Каховский утвердился в добром чувстве к Бестужеву — искренен, не алчет для себя выгод. После памятного променада по Летнему саду он поверял Бестужеву свои многообразные беды. Еще в лейб-гвардии Егерском полку из юнкеров разжаловали в рядовые, перевели в армию; и позже, вплоть до отставки, не однажды подвергали штрафам, наказаниям за шалости и проступки, сходившие другим с рук.
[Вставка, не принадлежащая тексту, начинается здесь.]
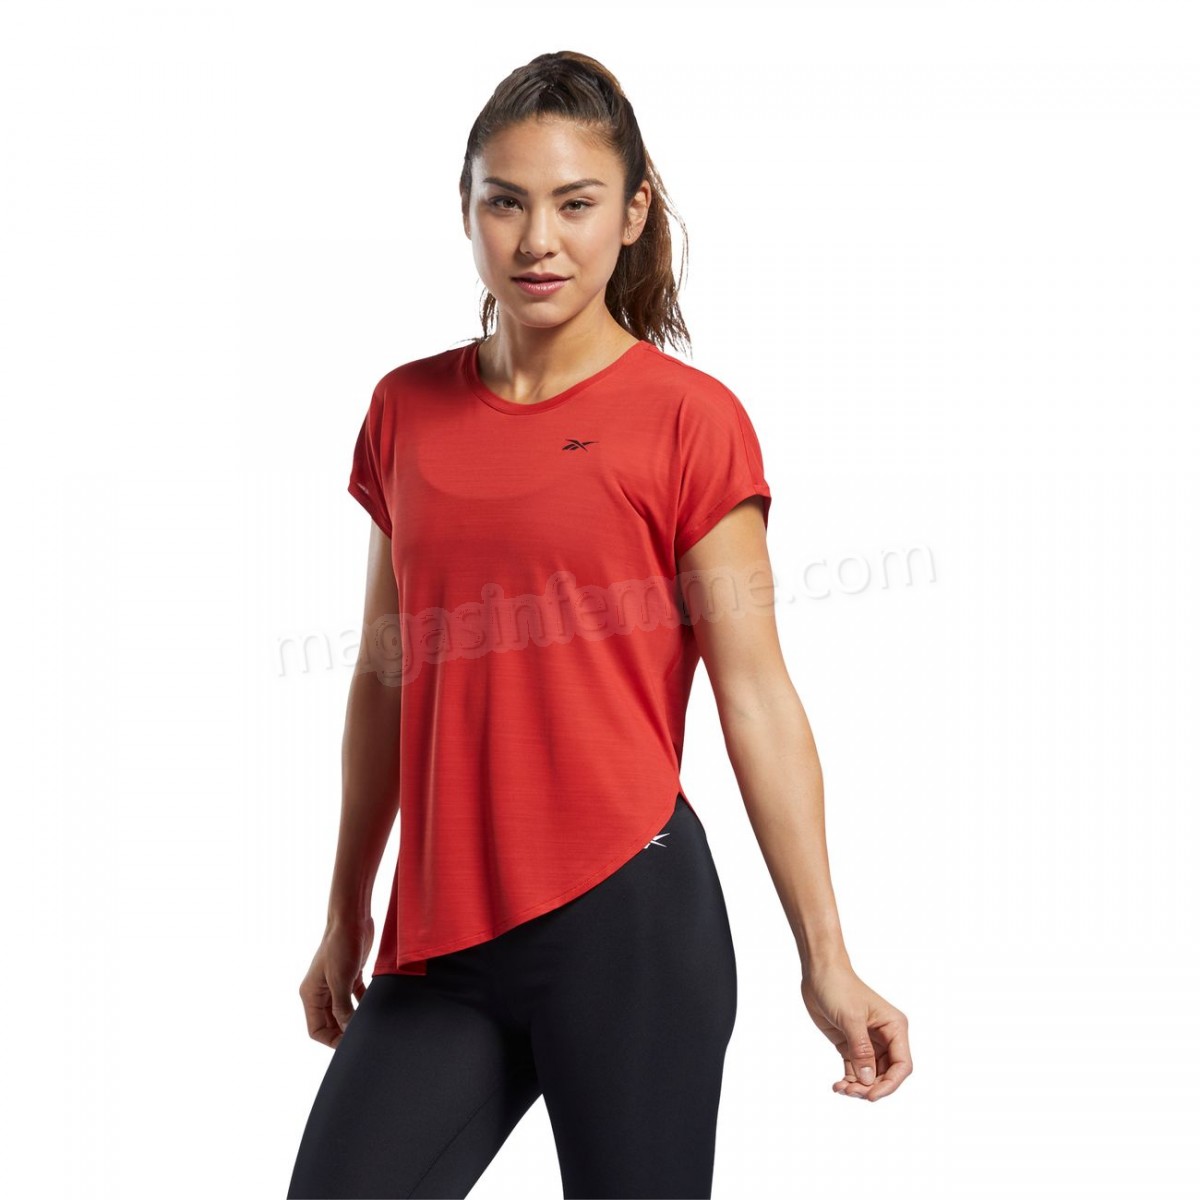 Reebok-Fitness femme REEBOK T-shirt femme Reebok Workout Ready ActivChill en solde - -2

Неумолимо преследовали его и любовные поражения.
Бестужев выслушивал горемыку смиреннее, чем ему было свойственно…
Однако этим воскресным вечером, глядя, как Каховский разоблачается, поднявшись на цыпочки, вешает шляпу, Бестужев огорченно ждал совершенно липших излияний, которые — никуда не деться — обрушатся на него.
— У нас, Петр Григорьевич, в углу дрова свалены.
Они были между собой на «ты» и на «вы». «Петр Григорьевич» — «вы», «любезный Каховский» — «ты».
Дрова Каховскому не помешали, но неловко задетая кочерга с грохотом упала на пол. Он нагнулся за ней, толкнул сапогом поленья…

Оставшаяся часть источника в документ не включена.